Task item
Skipping all images, output the listing word for word.

Dataset content

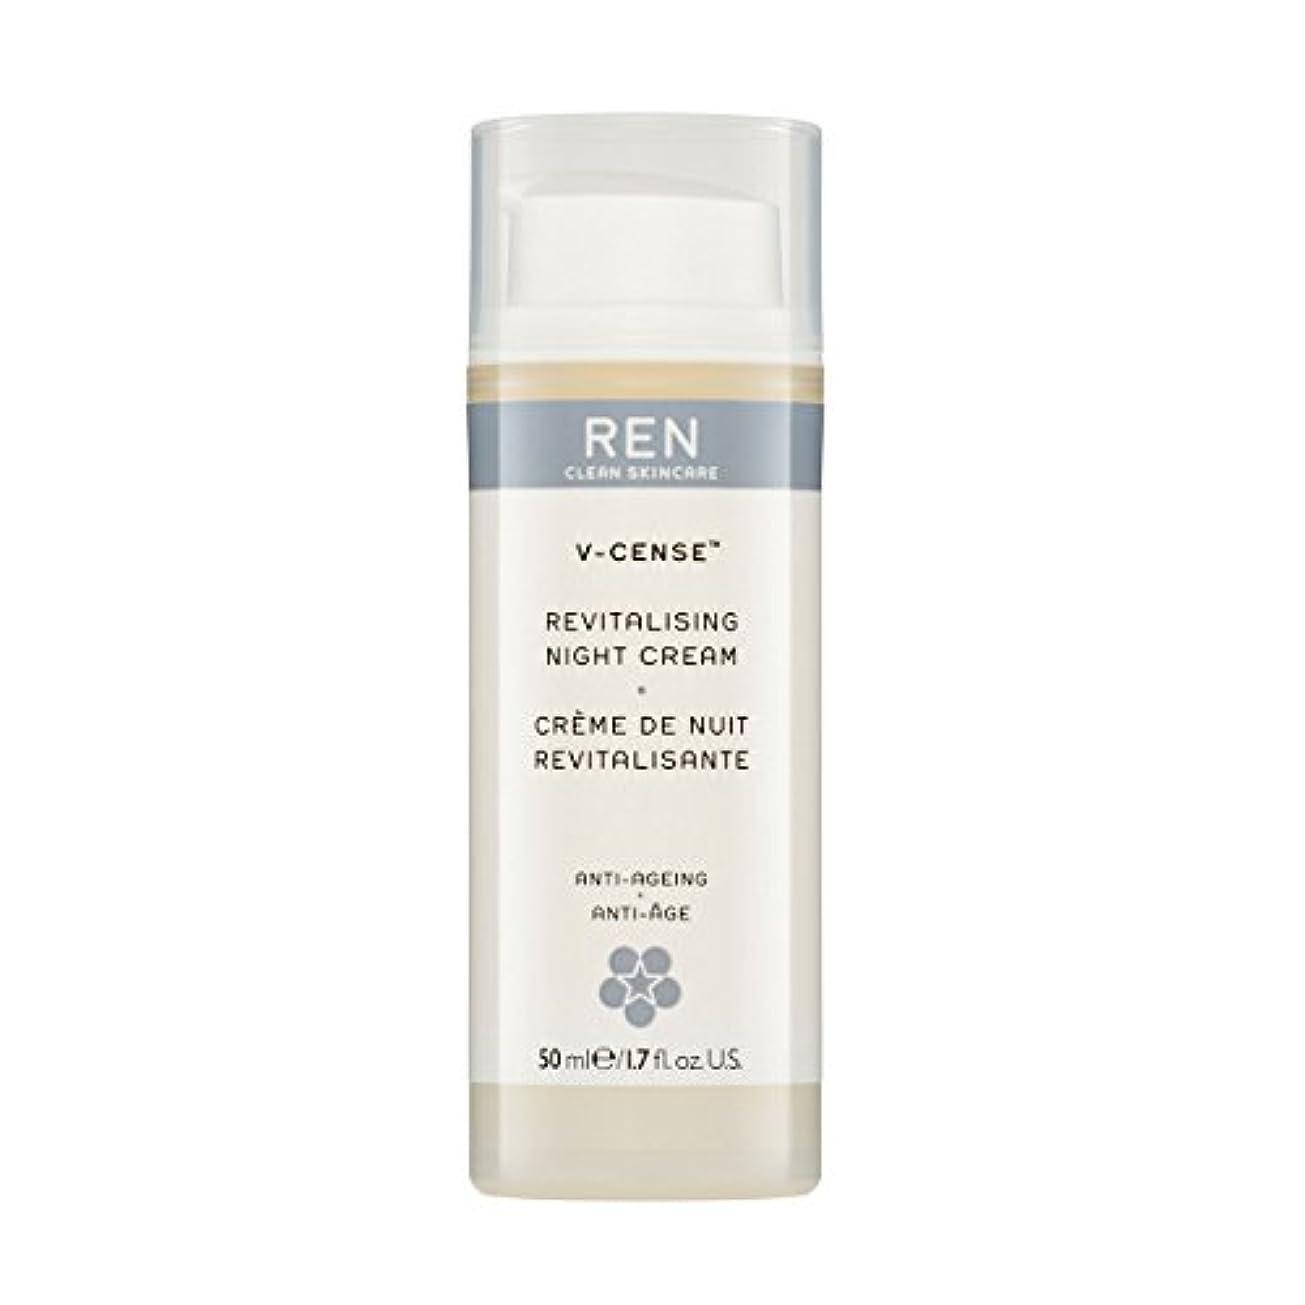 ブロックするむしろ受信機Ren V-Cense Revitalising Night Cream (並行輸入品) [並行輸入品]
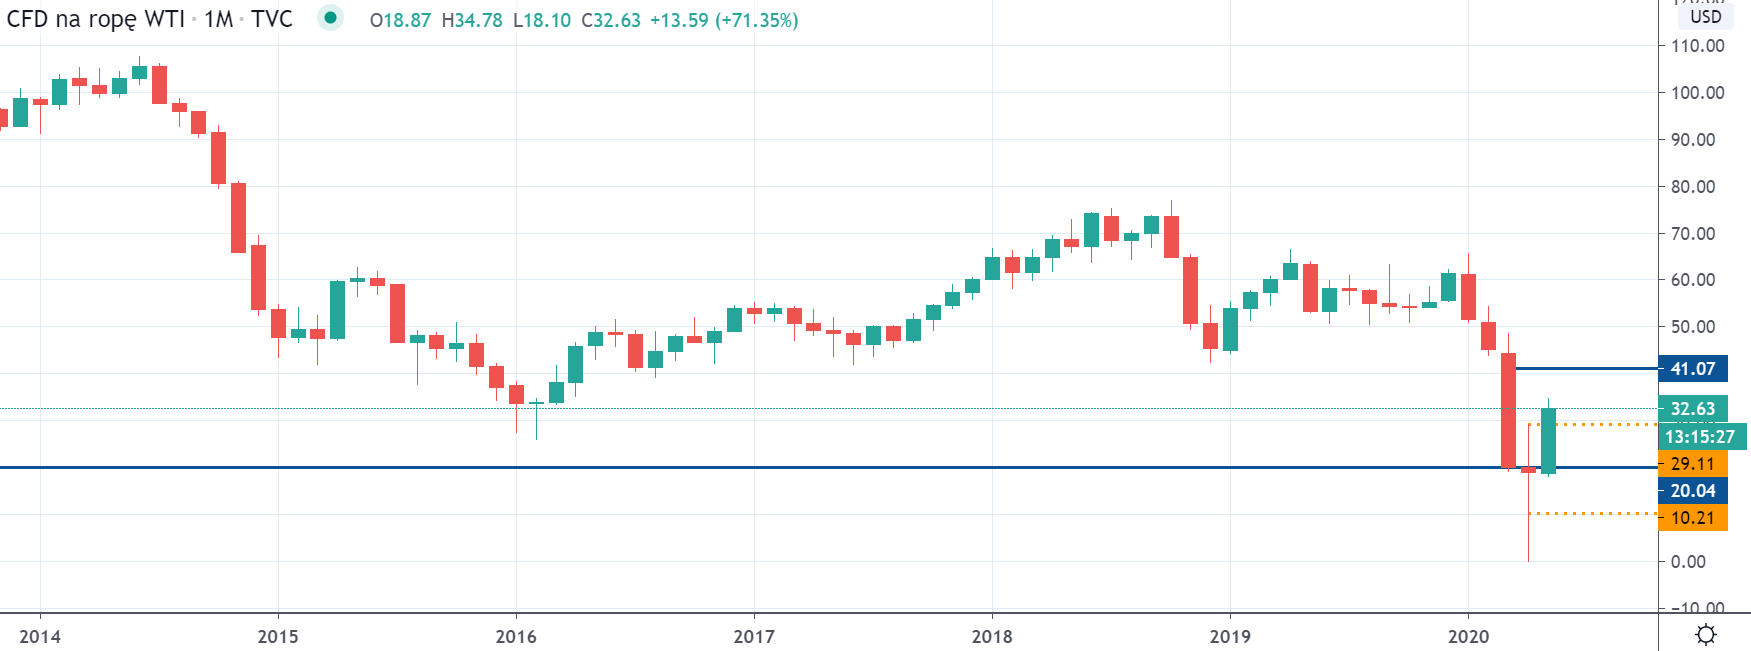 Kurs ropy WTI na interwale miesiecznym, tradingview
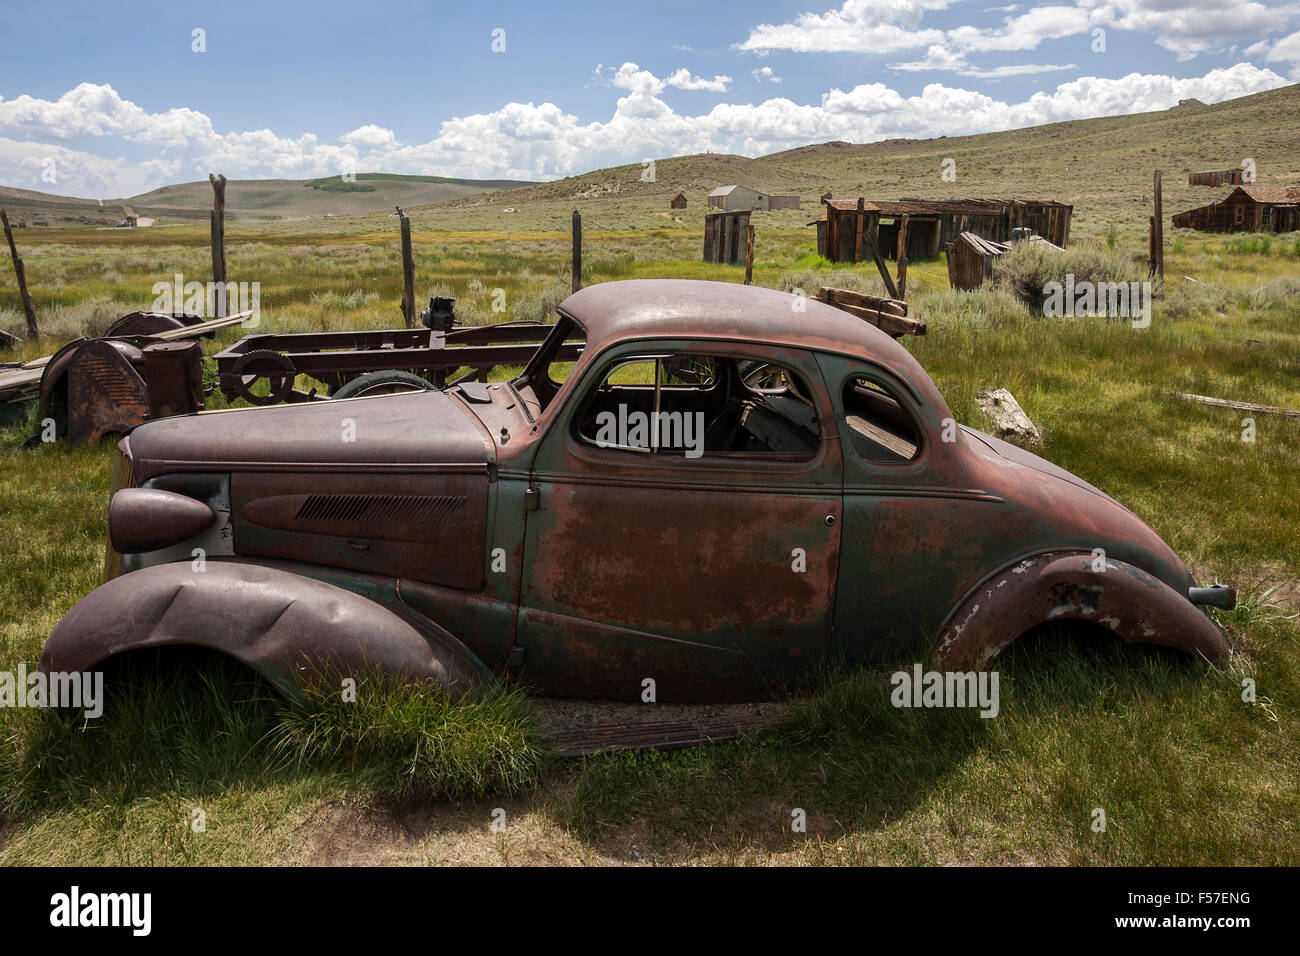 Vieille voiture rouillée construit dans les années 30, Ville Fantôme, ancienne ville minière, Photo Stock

Exercise result
 ブロックするむしろ受信機Ren V-Cense Revitalising Night Cream (並行輸入品) [並行輸入品]
 Kurs ropy WTI na interwale miesiecznym, tradingview
 Vieille voiture rouillée construit dans les années 30, Ville Fantôme, ancienne ville minière, Photo Stock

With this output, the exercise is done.